If there is a truly heavenly spot on Earth, it is probably located in New Caledonia. At least that's what those who have been here are saying. And it's hard to argue with this - magnificent beaches, snow-white yachts swaying on azure waves. In addition, serene calm always reigns here, not interrupted by various events that periodically shake the world political arena.

 

Amazing facts about New Caledonia

 

Even though New Caledonia is located in the Pacific Ocean, de jure, it is considered an overseas department of France. And, like other former French colonies that never gained independence, this country primarily exists thanks to the financial support of the metropolis. It is not so easy for the French to move here to live because they will not receive any social benefits here.
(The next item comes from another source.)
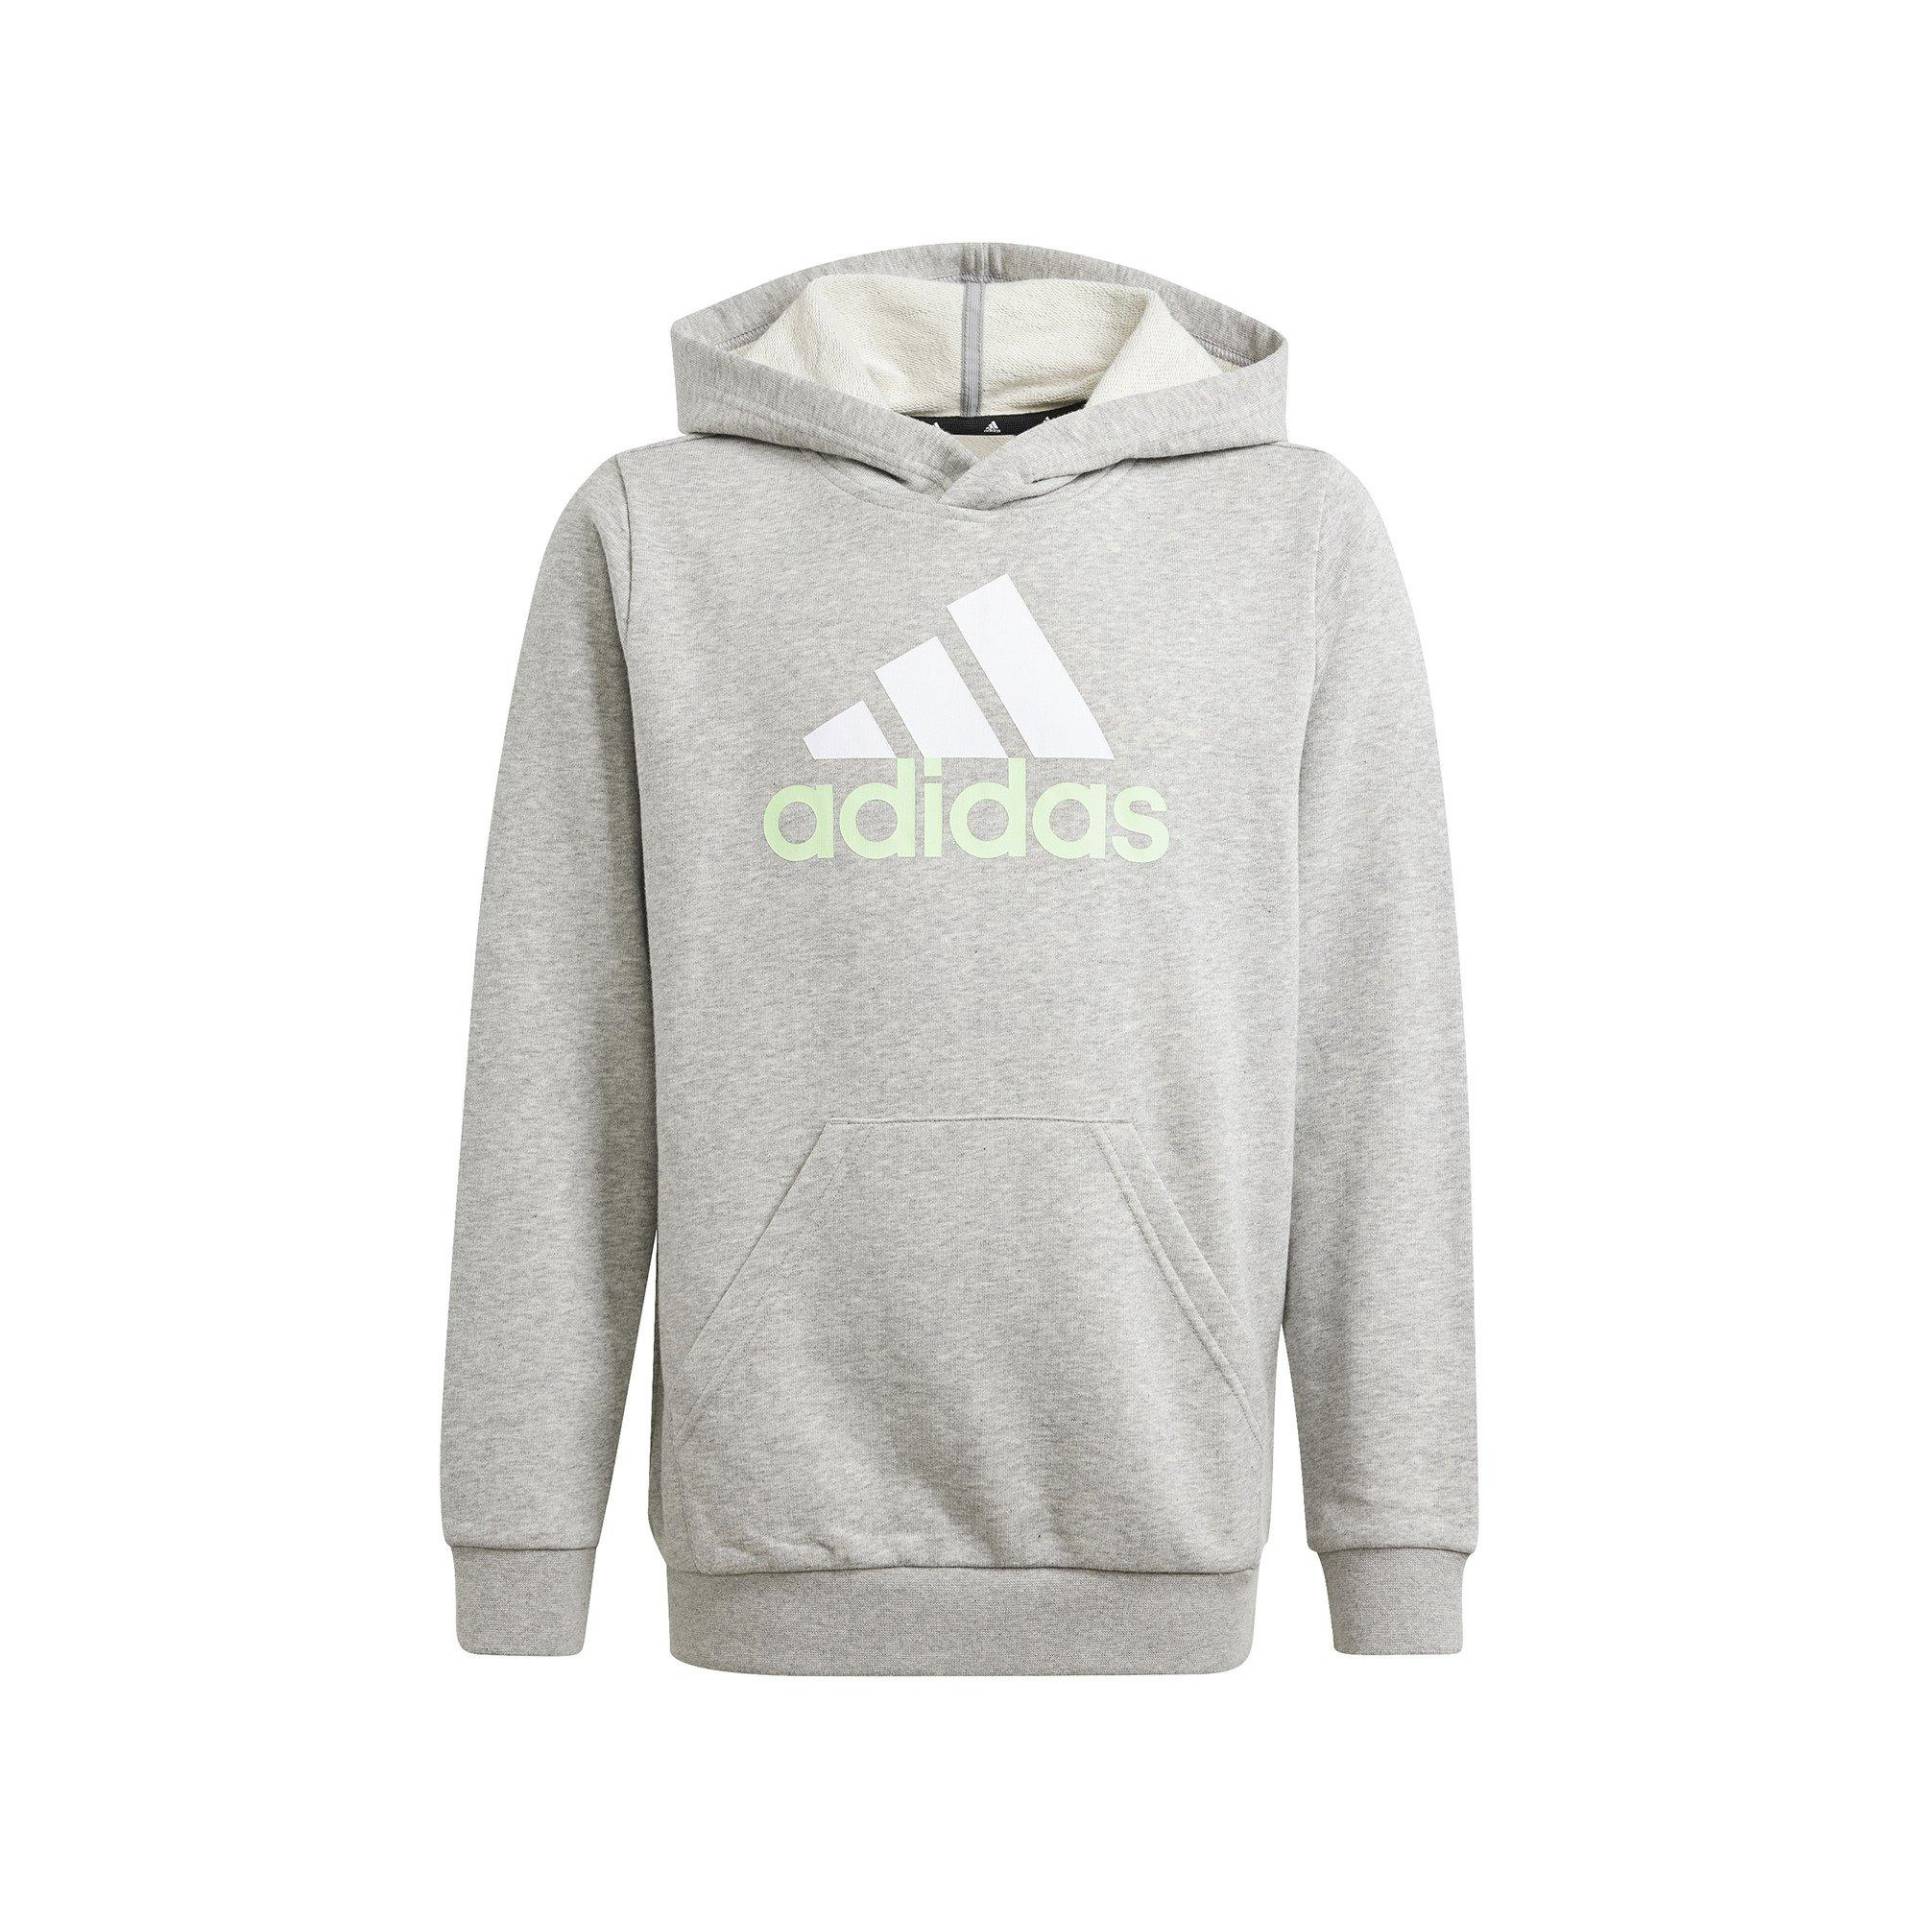 adidas Sweatshirt Jungen Grau Melange 140 von Adidas
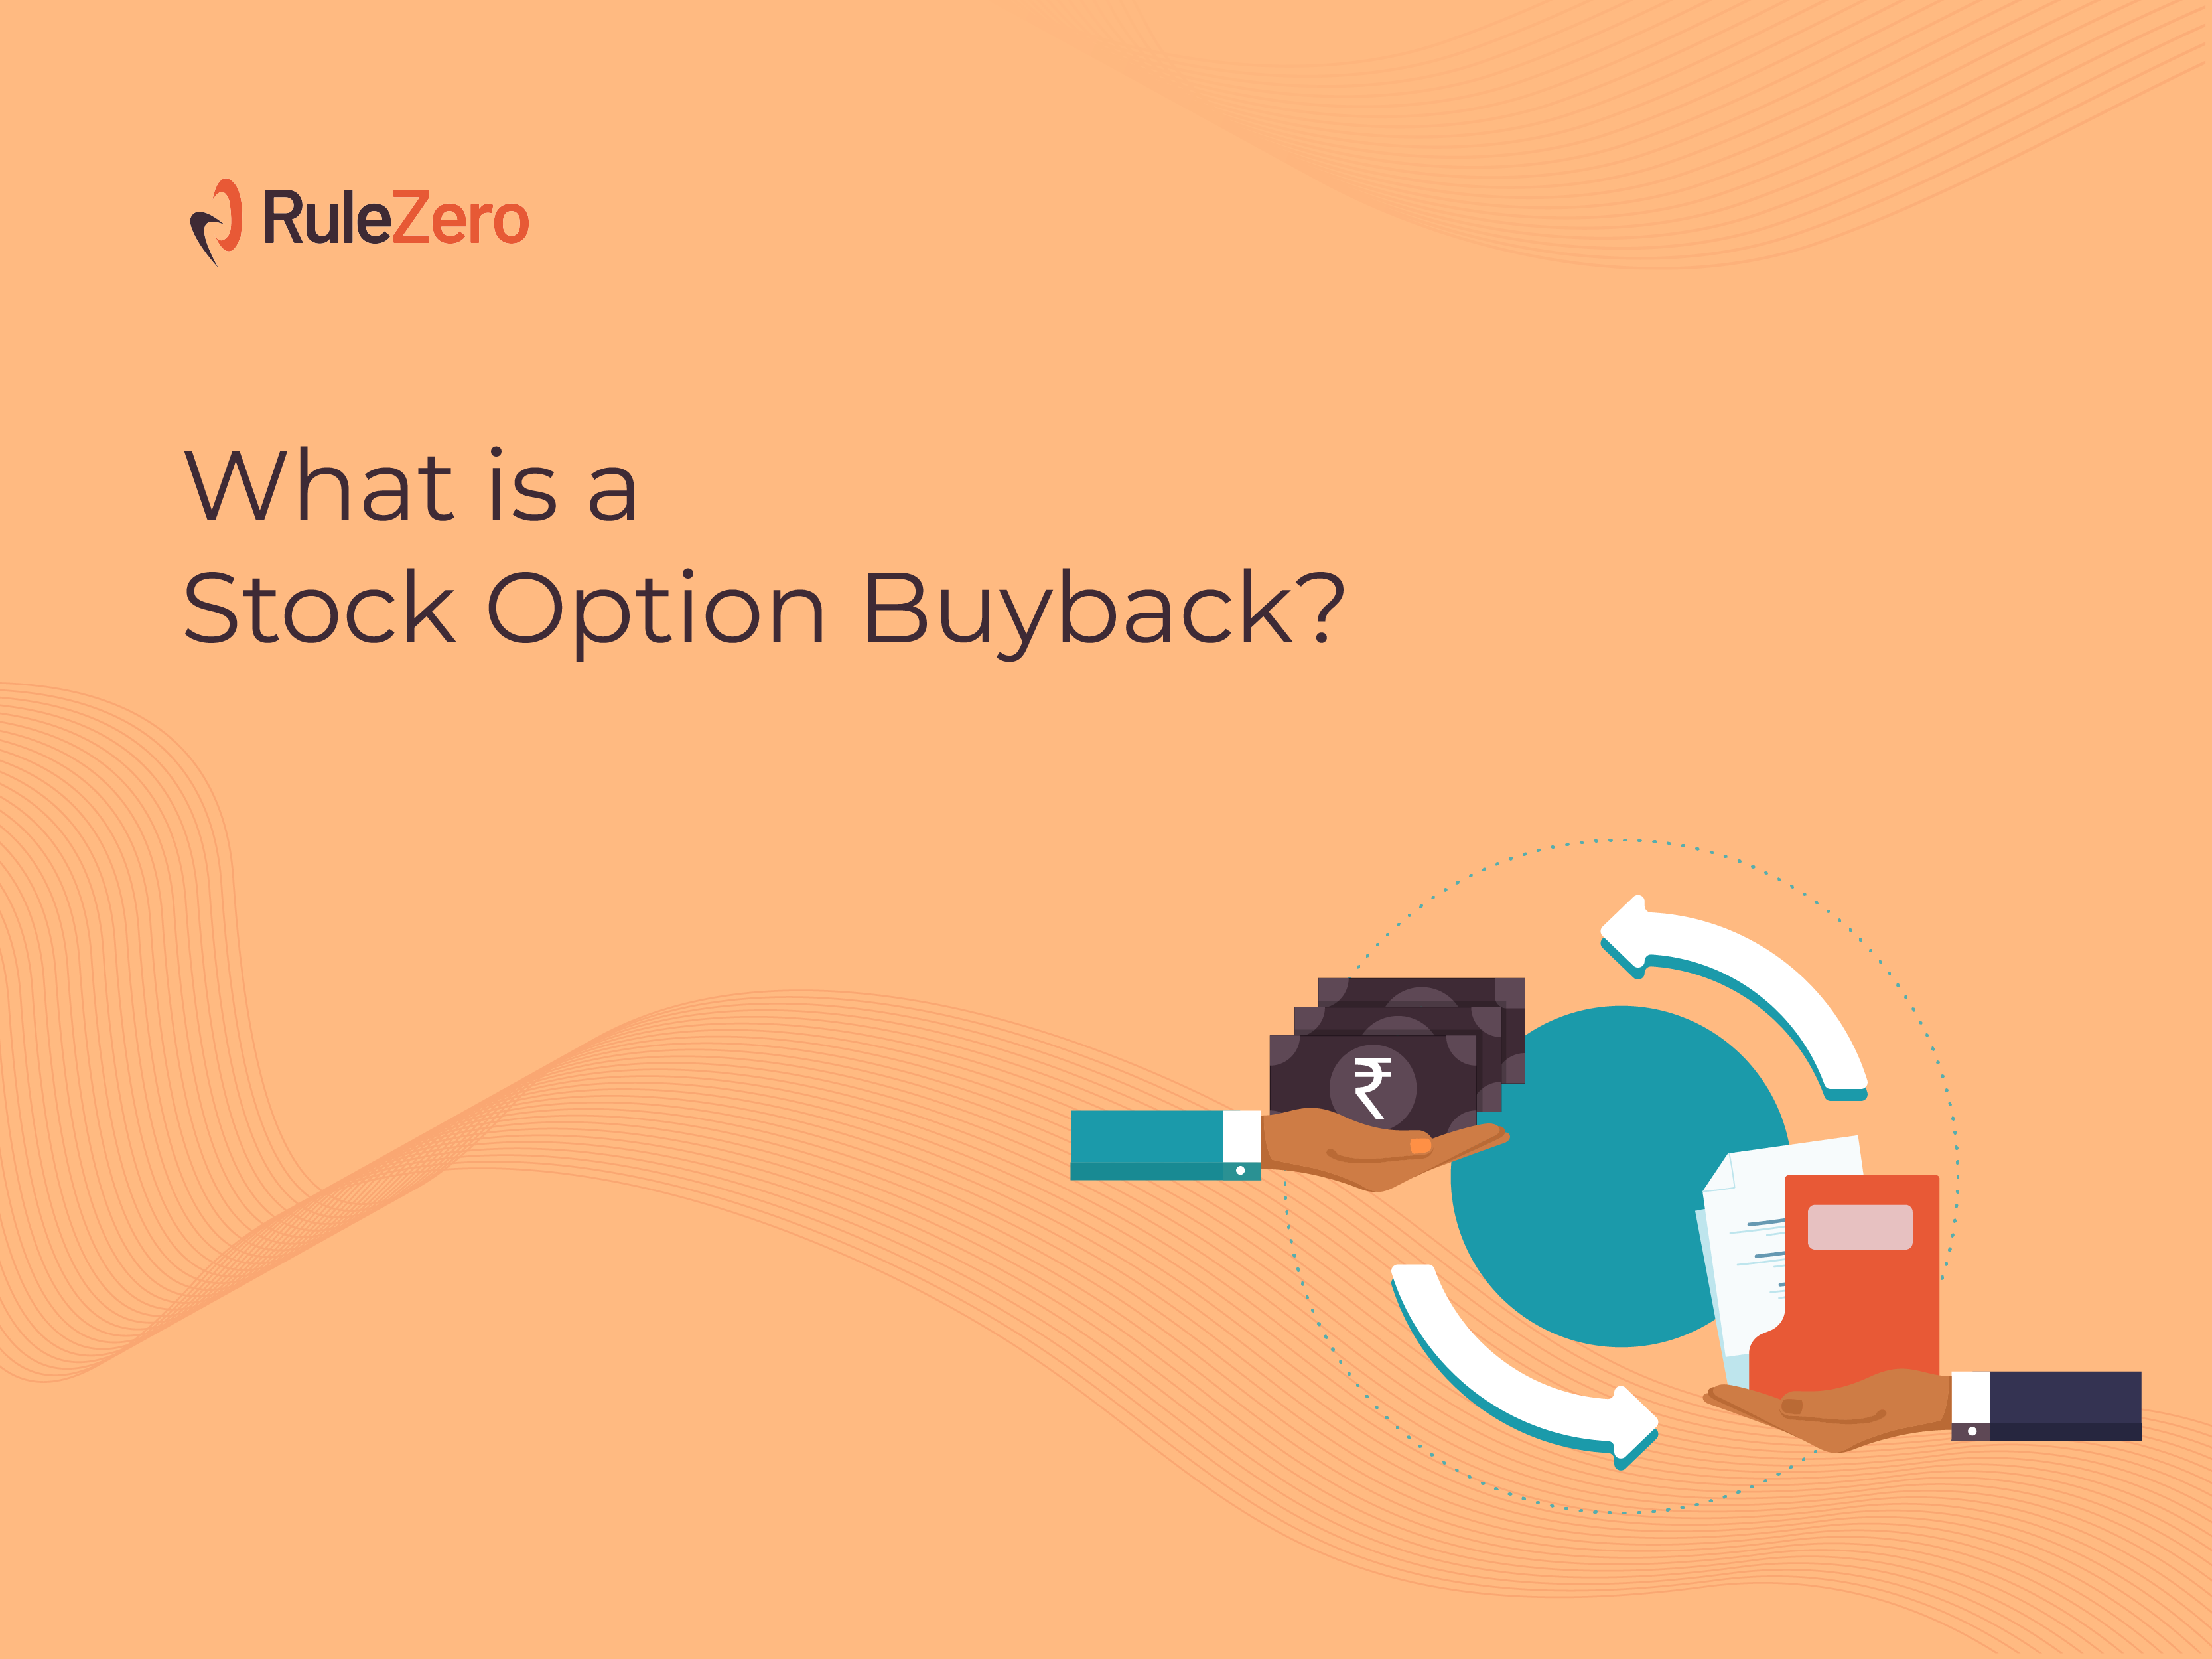 Stock option buyback

The French authorities decided to cut off the flow of their citizens who wanted to wallow on New Caledonian beaches, do nothing and live on welfare.

 

1. New Caledonia is located in the southwestern part of the Pacific Ocean, in Melanesia.

 

2. This country is one large island in the Pacific Ocean, including a relatively small island group.

 

3. New Caledonia is a particular administrative-territorial entity of France.

 

4. About a quarter of the New Caledonian population are Europeans, primarily French.

 

5. New Caledonia consists of the leading and most significant island, Grande Ter, and several other smaller islands.

 

6. The total area of ​​the New Caledonia archipelago is 19,060 km². This can be compared to the size of ​​Wales.

 

 

7. The famous navigator James Cook first discovered these islands for Europeans.

 

8. Therefore, the island got its name in honor of Caledonia, an area located in Scotland, which was the birthplace of Captain Cook.

 

9. From the nearest giant neighbor, Australia, New Caledonia is separated by 1200 kilometers.

 

10 ... According to scientists, New Caledonia separated from Australia about 66 million years ago.

 

11. Then, for 16 million years, the archipelago drifted in a northeasterly direction until it reached its current position about 50 million years ago.

 

12. The first people appeared here about 3.5 thousand years ago. After the discovery of this archipelago by Cook, British whalers and sandalwood traders soon began to appear there.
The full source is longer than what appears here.